[SERVER-6056] memory leak. query time out when sharding. Created: 11/Jun/12  Updated: 06/Dec/22  Resolved: 21/Mar/18

Status: Closed
Project: Core Server
Component/s: Sharding
Affects Version/s: 2.0.5, 2.0.6, 2.2.3
Fix Version/s: None

Type: Bug Priority: Major - P3
Reporter: peanutgyz Assignee: [DO NOT USE] Backlog - Sharding Team
Resolution: Done Votes: 1
Labels: connection, mongos, sharding
Remaining Estimate: Not Specified
Time Spent: Not Specified
Original Estimate: Not Specified
Environment:

linux , 3 shard, each 3 server replicaset.


Assigned Teams:
Sharding
Operating System: ALL
Participants:

 Description   

mognos:
ConnectionShardStatus preserve map<DBClientBase*, map<string,unsigned long long> > _map; to keep sequence number. when checkShardVersion , call setSequence to set de map, use key :
conn = getVersionable(&conn_in); (which is connection to master of replicaset when use shard and replicaset). but when shardconnection onDestroy, resetShardVersion use key is ptr to shardconnection , not the connection to master of replicaset. So each time _map.erase(conn) return 0, and _map size always increase.

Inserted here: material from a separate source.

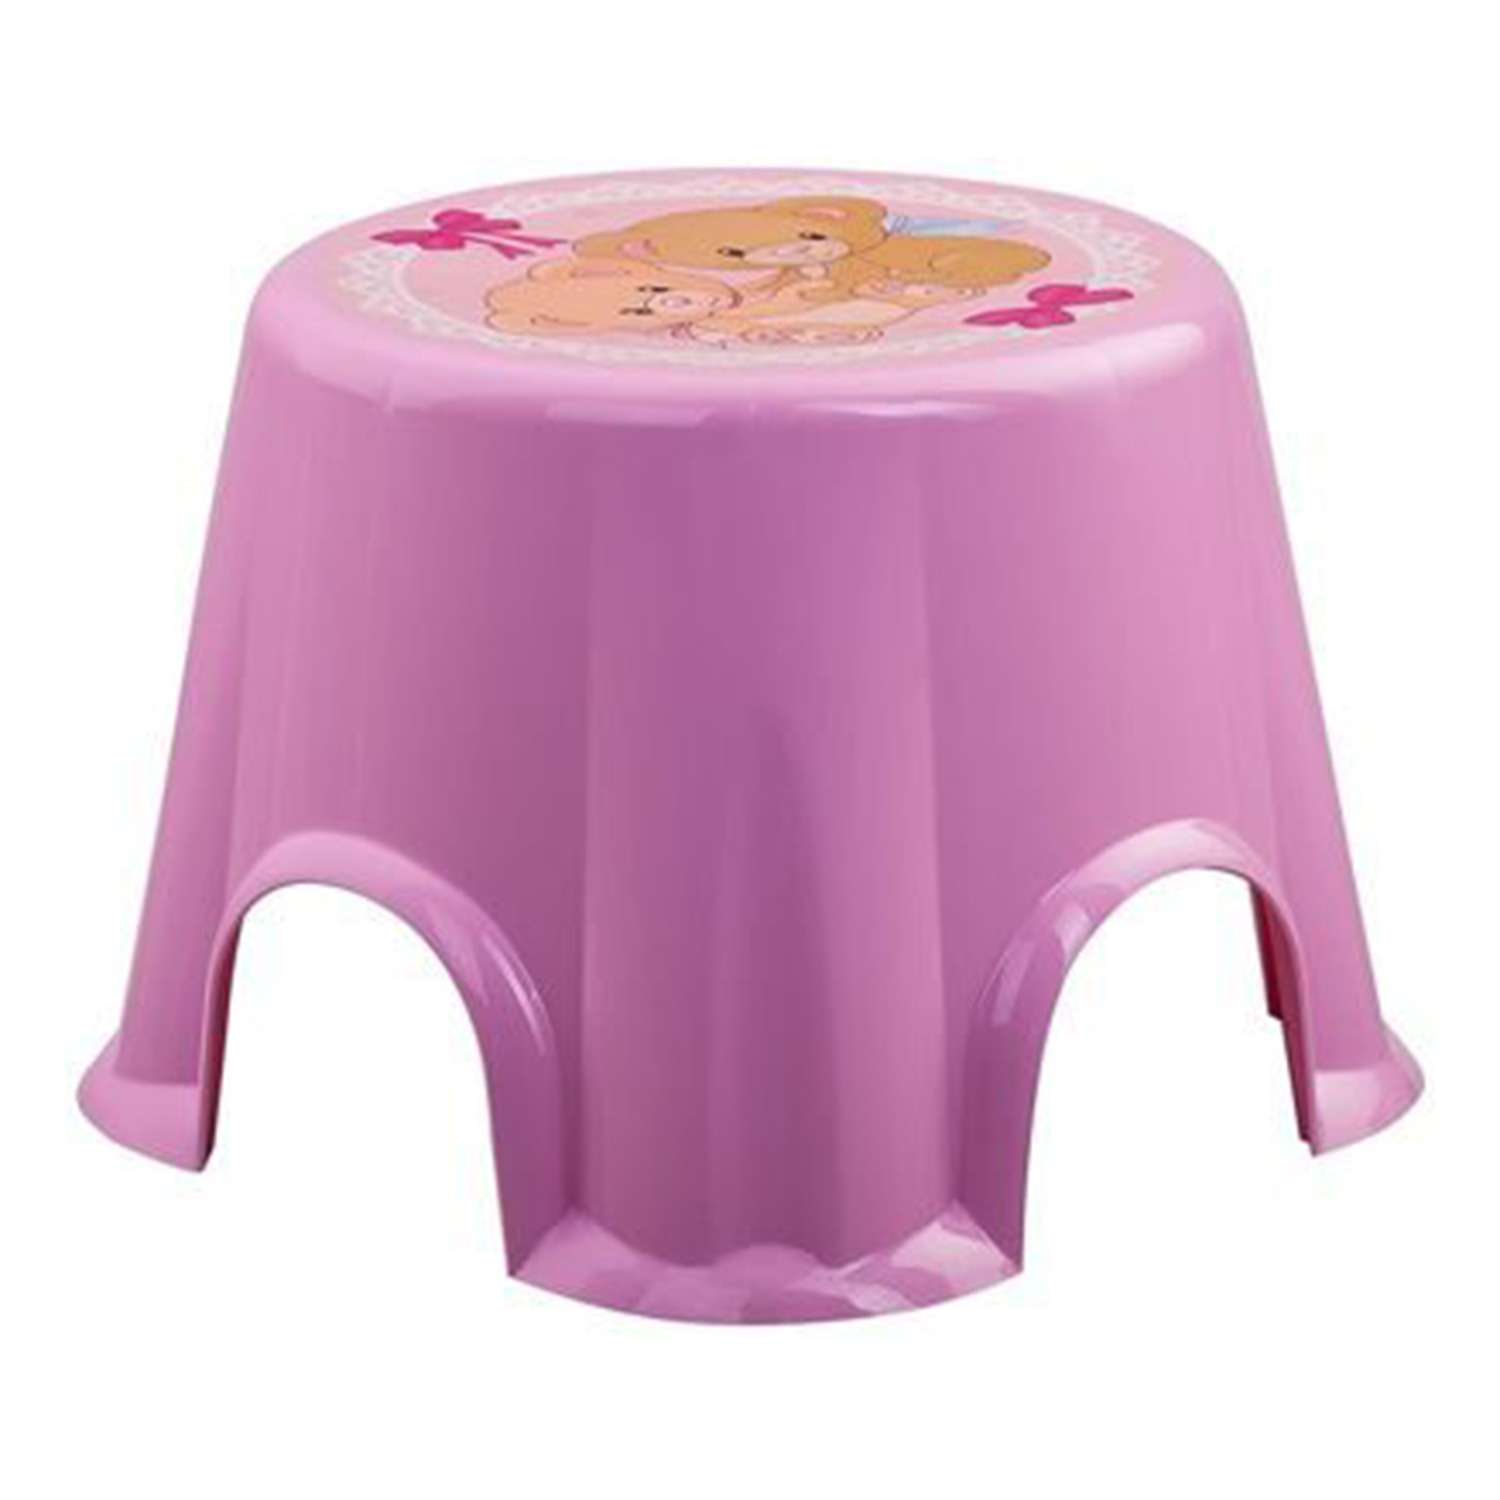 Табурет elfplast стул Пенёк детский с рисунком розовый - фото 3

because i use short connection in web client , each time client close connection , mongos destroy shardconnection and cause _map increate. sometimes mongos create new connection to mongod, with same pointer position with an old connection object, cause the new connection can get an positive sequence from _map , of 0!. it will cause checkShardVersion run >2 times, and cause web client wait 3 -5 seconds.

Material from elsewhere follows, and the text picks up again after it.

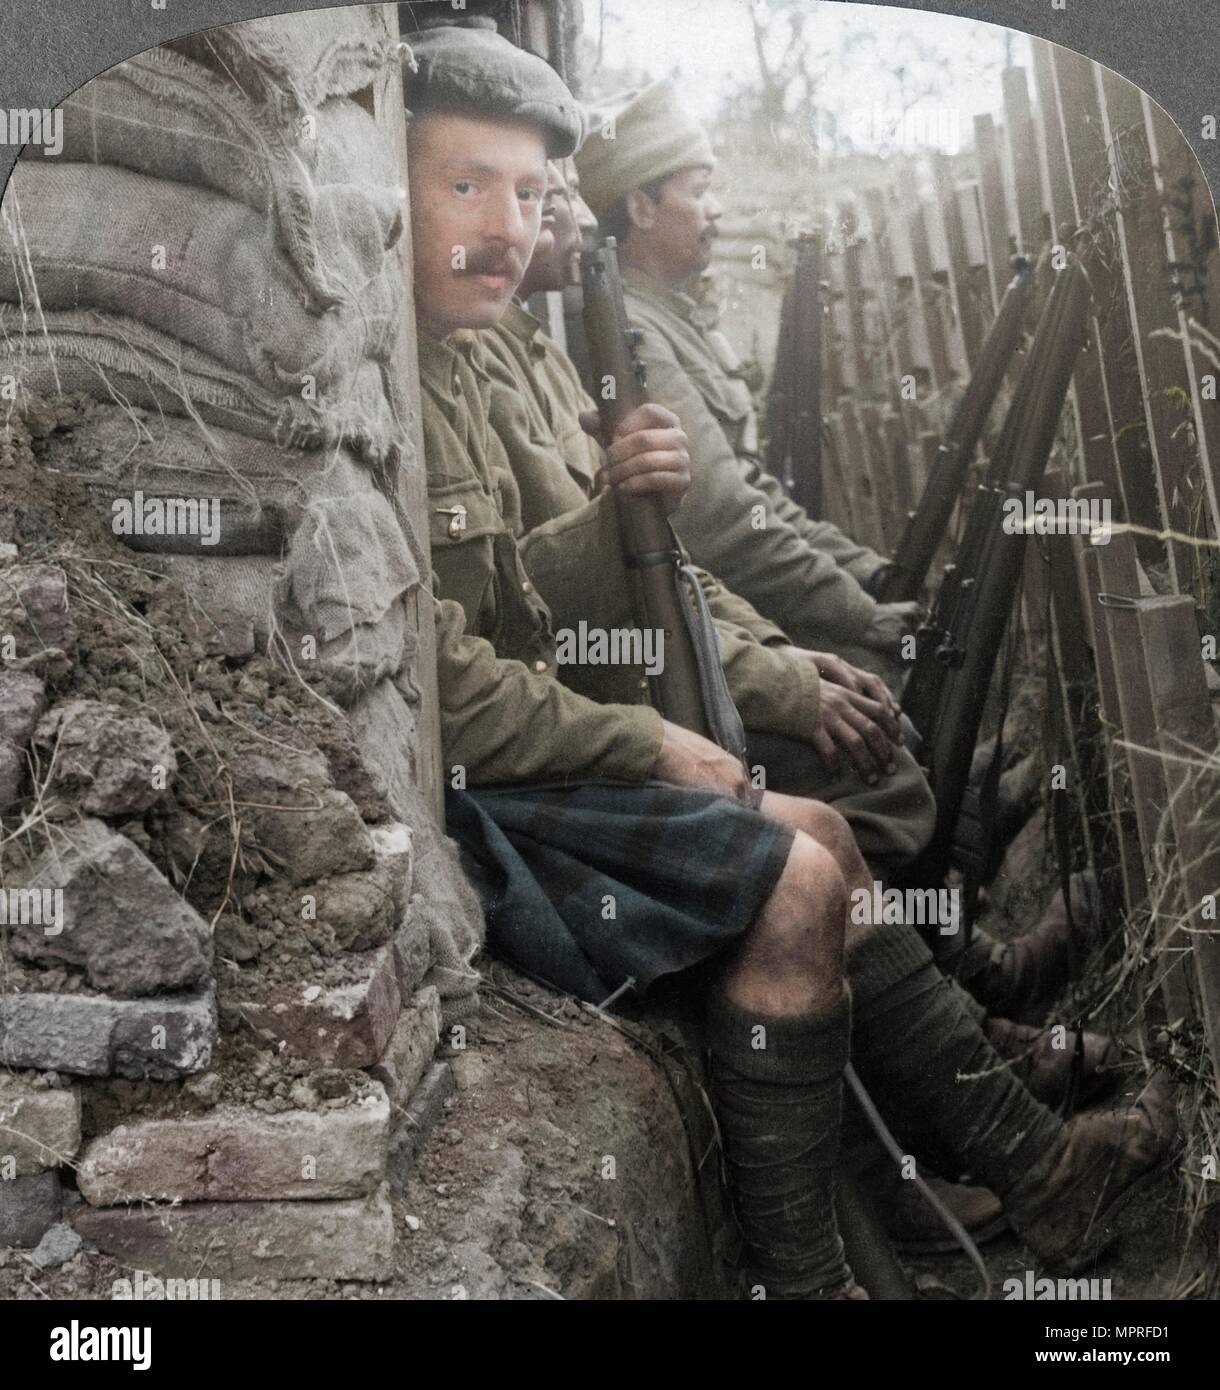 Des soldats indiens dans les tranchées, la Première Guerre mondiale, 1914-1918. Artiste : voyages réalistes des éditeurs. Banque D'Images

i modify shard_version.cpp resetShardVersion function , when conn type is SET, connectionShardStatus.reset( getVersionable(conn) ); , fix this problem.



 Comments   
Comment by Gregory McKeon (Inactive) [ 21/Mar/18 ]

Sharded queries no longer use this codepath. Please reopen if this is still an issue.

Comment by Greg Studer [ 13/Aug/13 ]

There's been progress, but we're currently working on refactoring that entire codepath, which should make this better long-term.

The workaround for now is to use connection pooling in the driver to avoid creating lots of new connections to mongos.

Comment by Jin-wook Jeong [ 09/Aug/13 ]

any progress on this issue?
I have the exact same situation here too, even with the latest v2.4.5.
Short-living connections to mongos caused the 'connectionShartStatus._map' always increase, which make mongos get OOM killed finally.

After applying the peanutgyz's patch to version_manager.cpp of v2.4.5, the memory leak has gone away.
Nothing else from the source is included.